→ **Task goal**
Output the data word for word, dropping every image.

→ **Source data**
[Start of section]

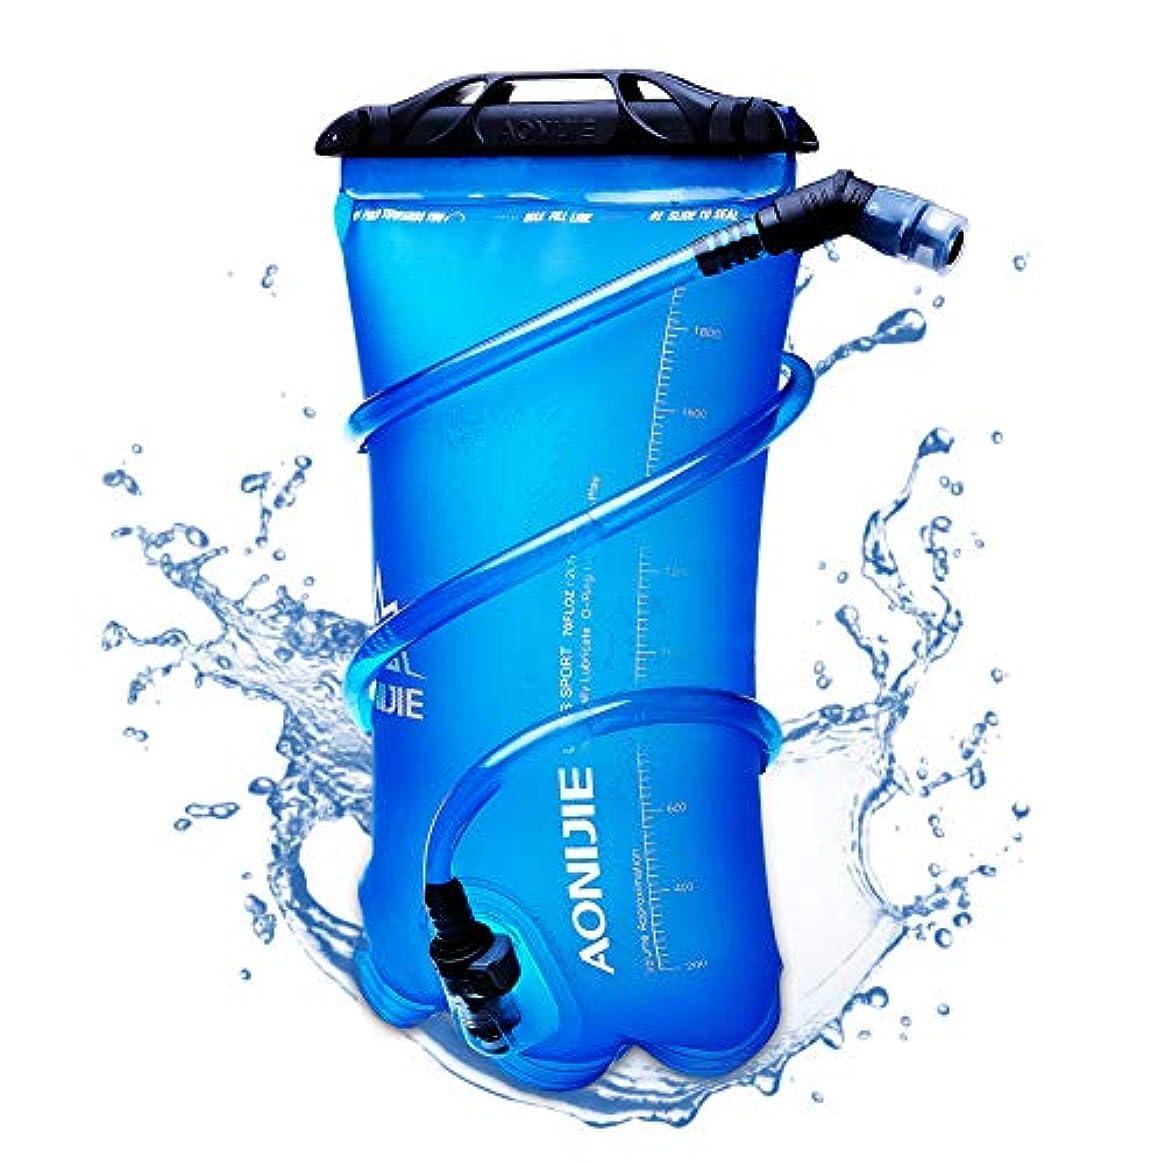 季節異常な電子Win.Deeper ハイドレーション 給水袋 ウォーターキャリー 折りたたみ水筒 水分補給 自転車 ハイキング 登山 サイクリング 1.5L/2L/3L
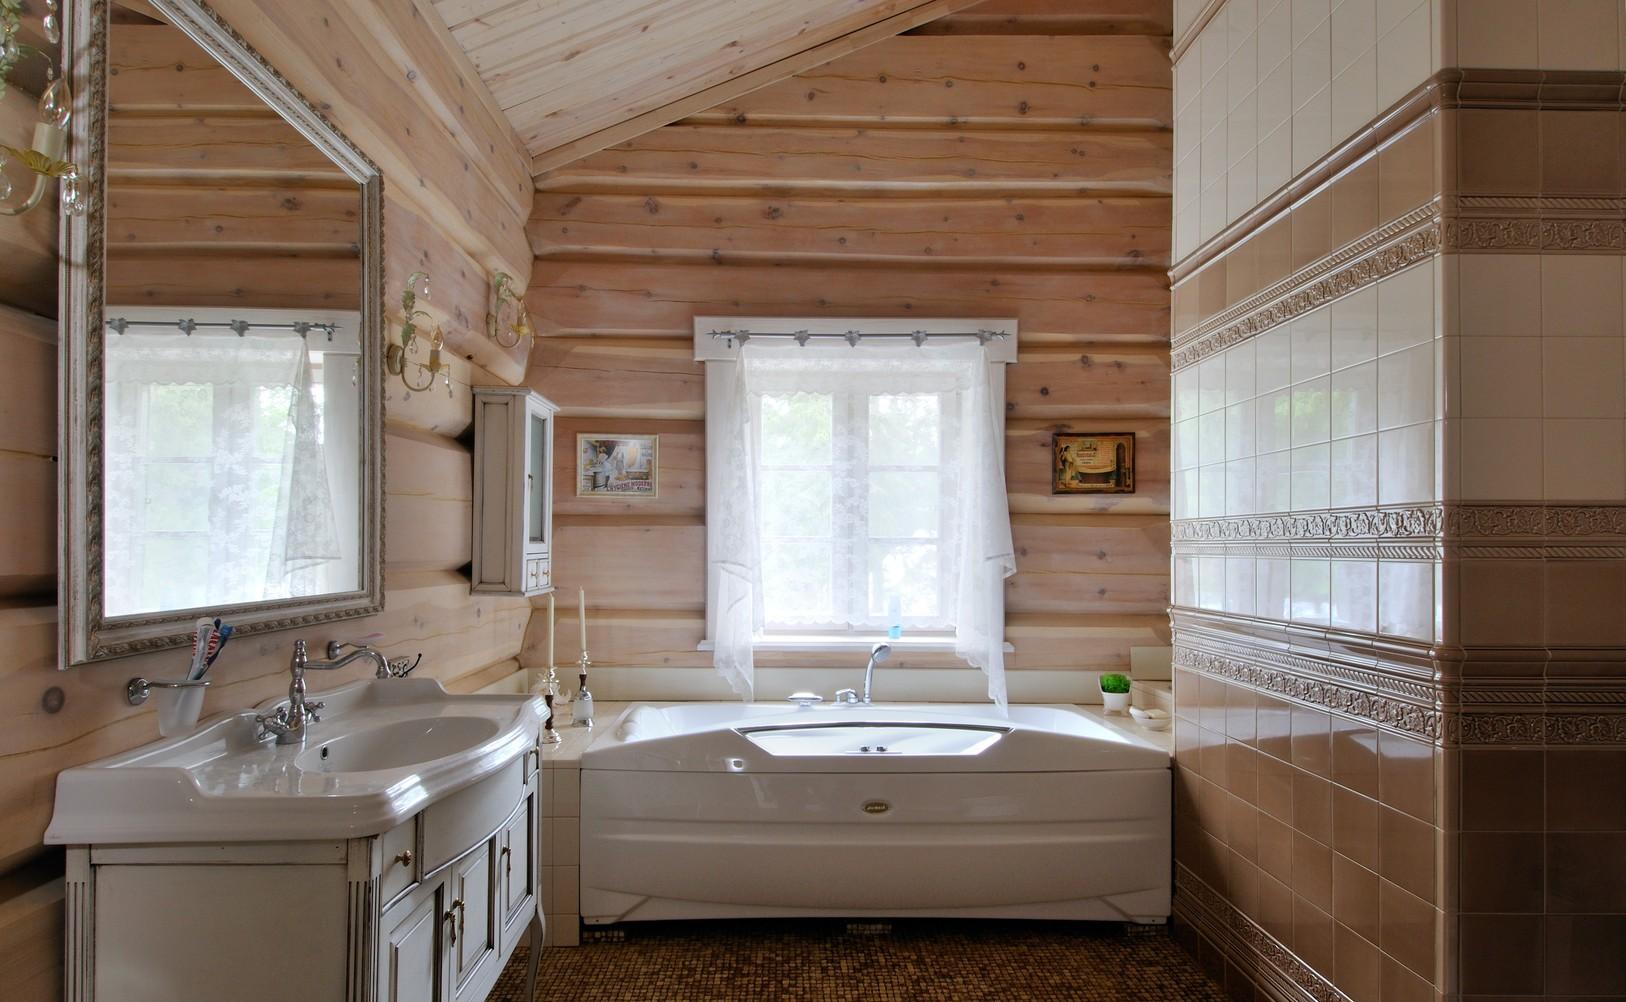 Ванная комната с деревом и плиткой на стенах в стиле кантри
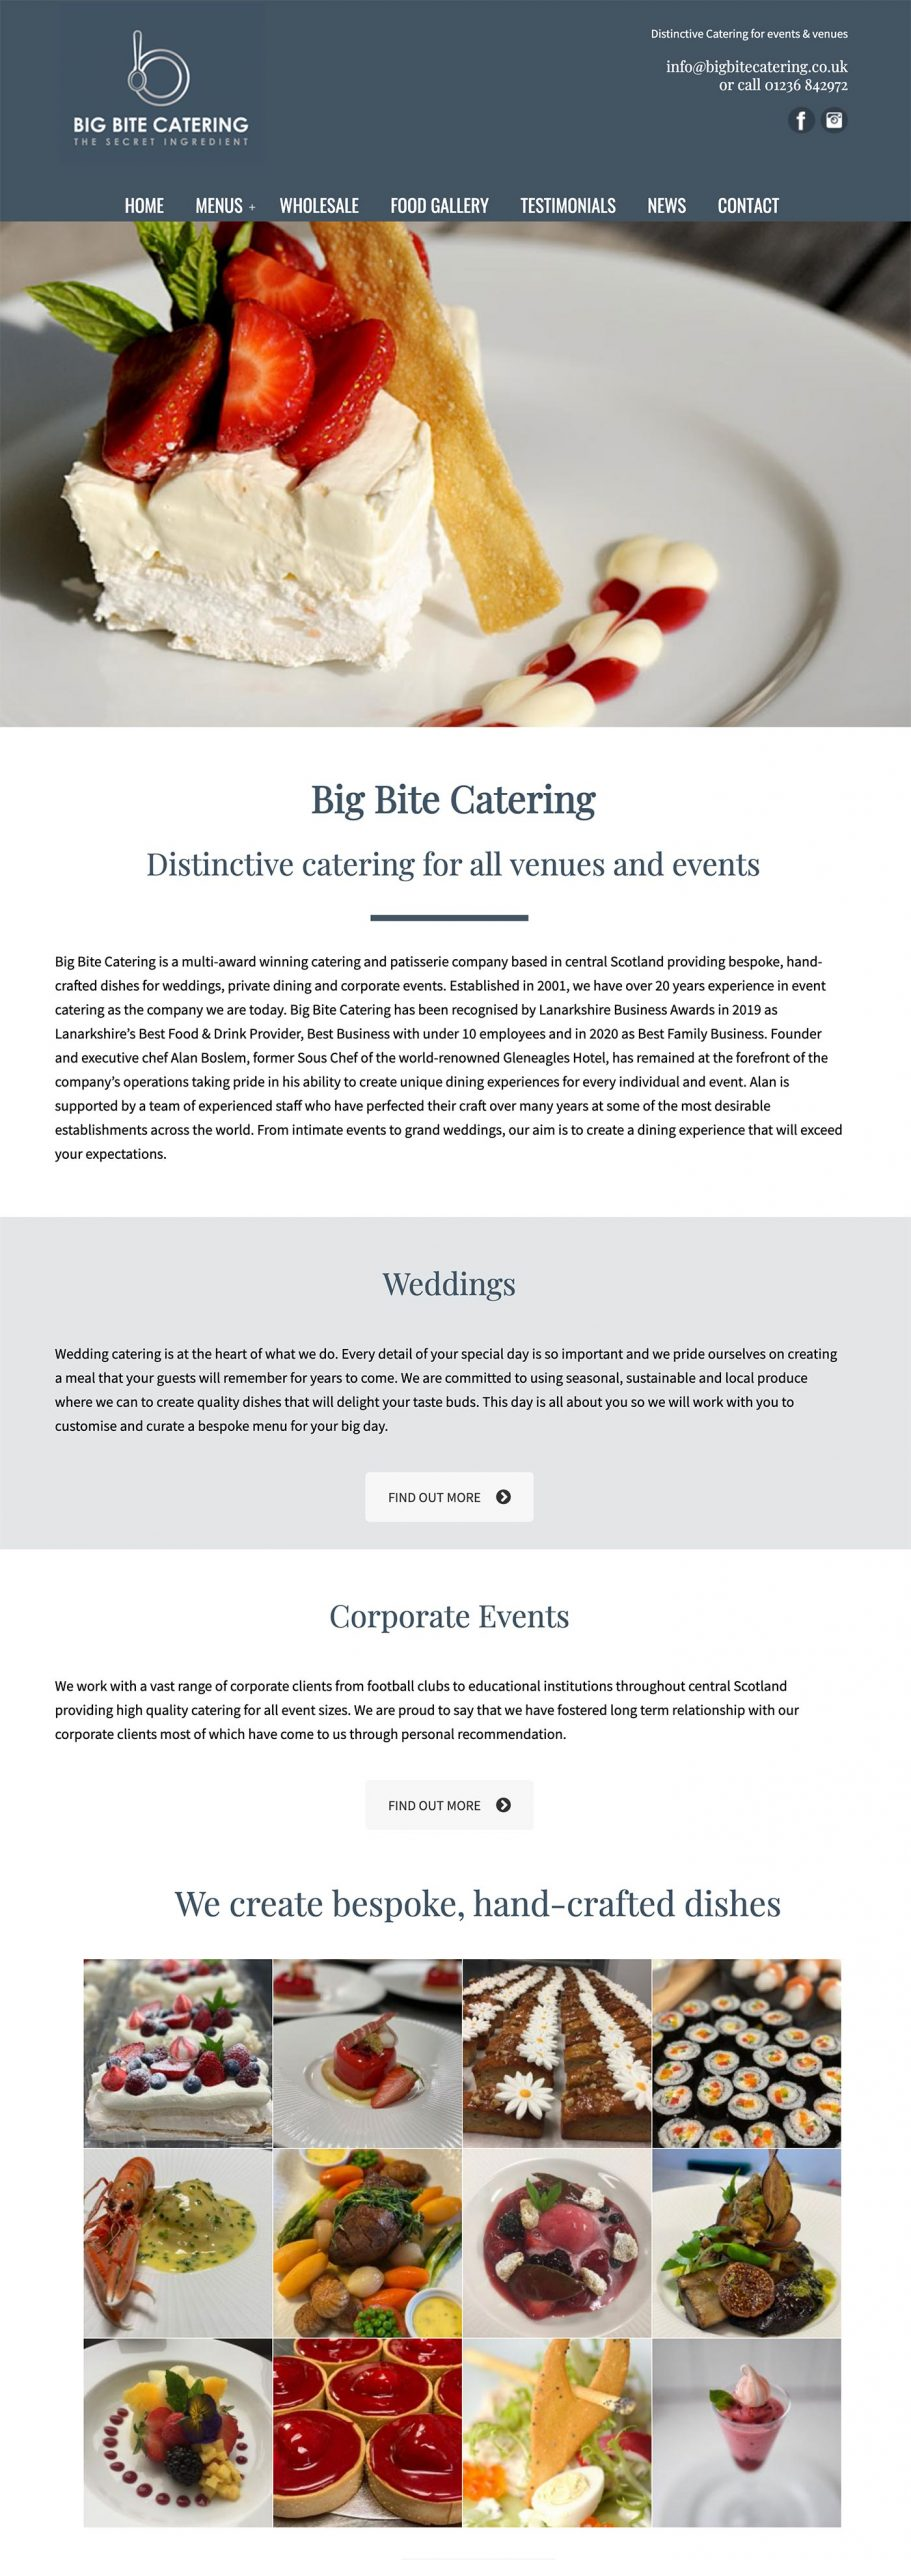 Big Bite Catering website
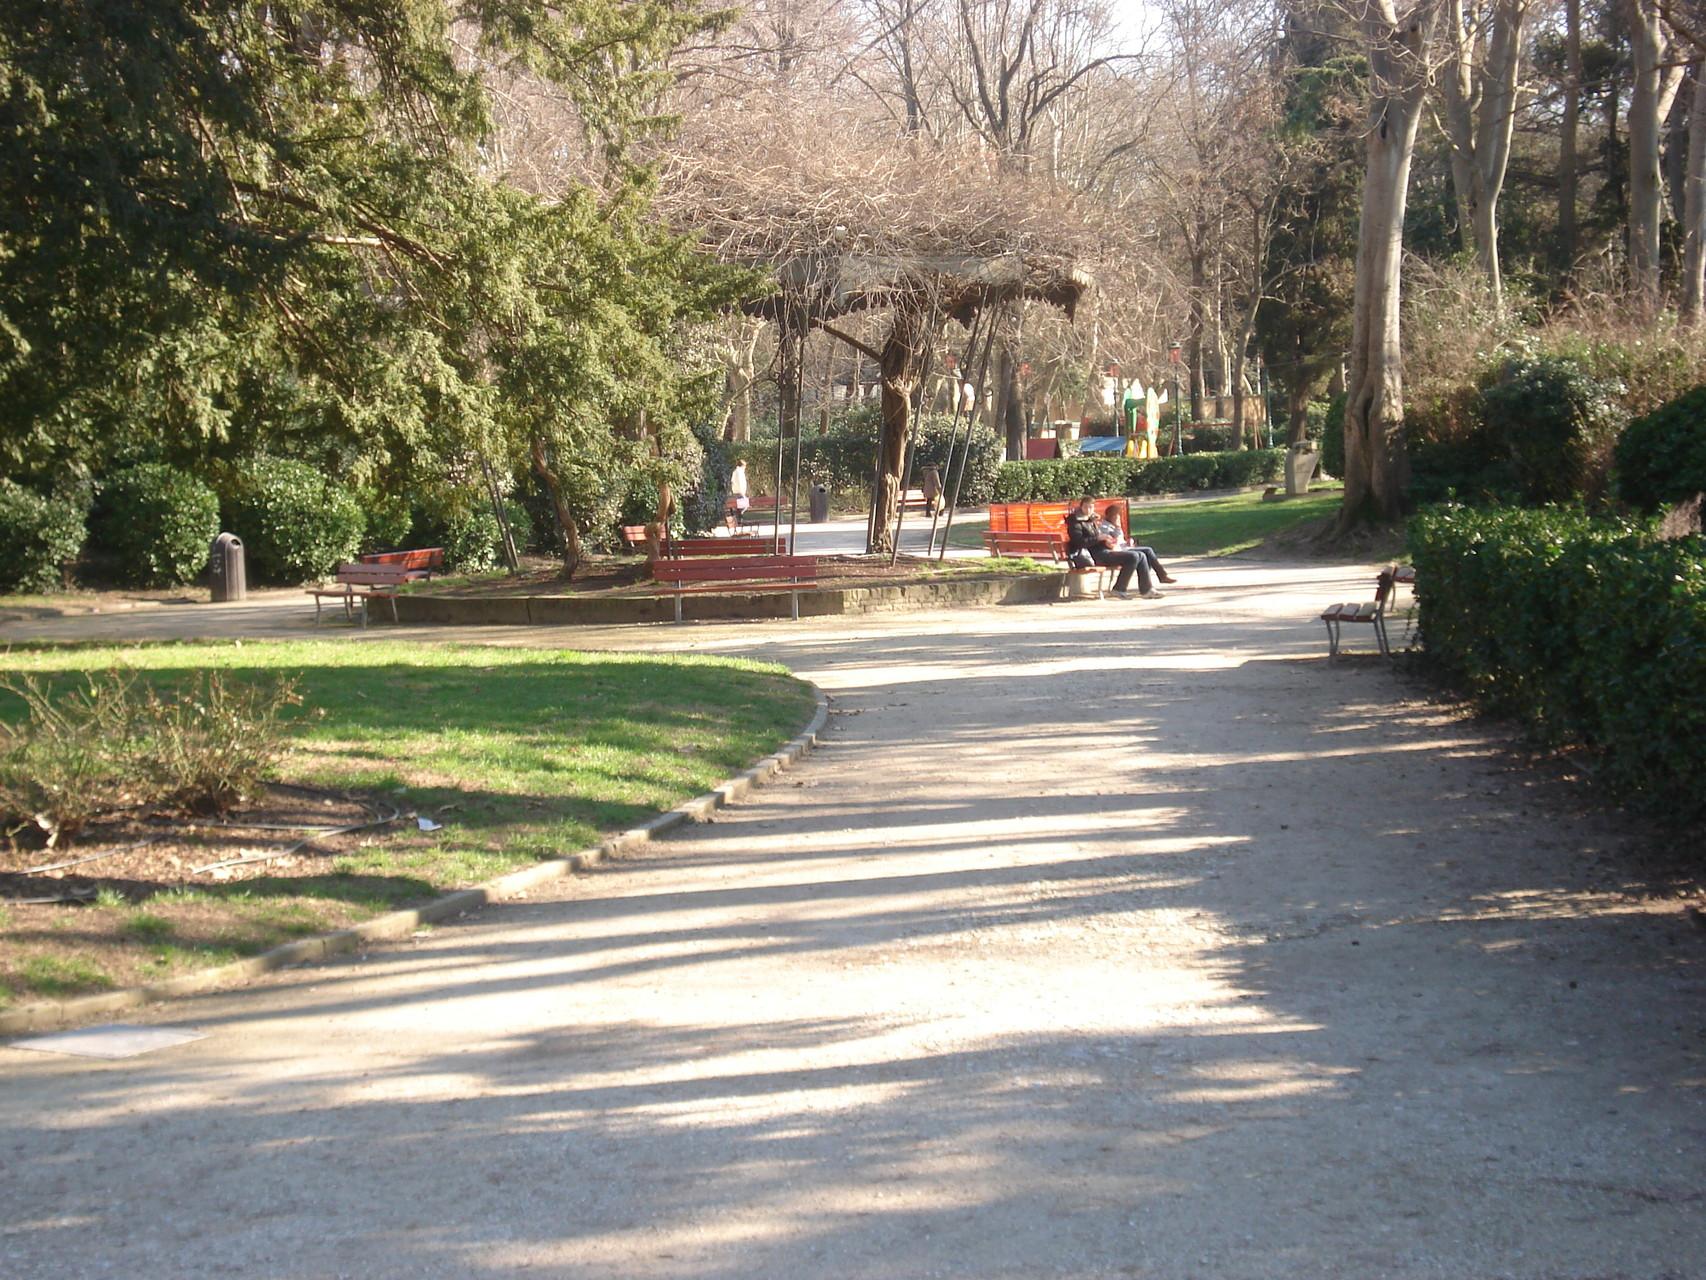 Giardini de la Biennale - 2 minutos a pie

[End of section]

→ **Reply to the exercise**
 季節異常な電子Win.Deeper ハイドレーション 給水袋 ウォーターキャリー 折りたたみ水筒 水分補給 自転車 ハイキング 登山 サイクリング 1.5L/2L/3L
 Ванная комната с деревом и плиткой на стенах в стиле кантри
 Big Bite Catering website
 Giardini de la Biennale - 2 minutos a pie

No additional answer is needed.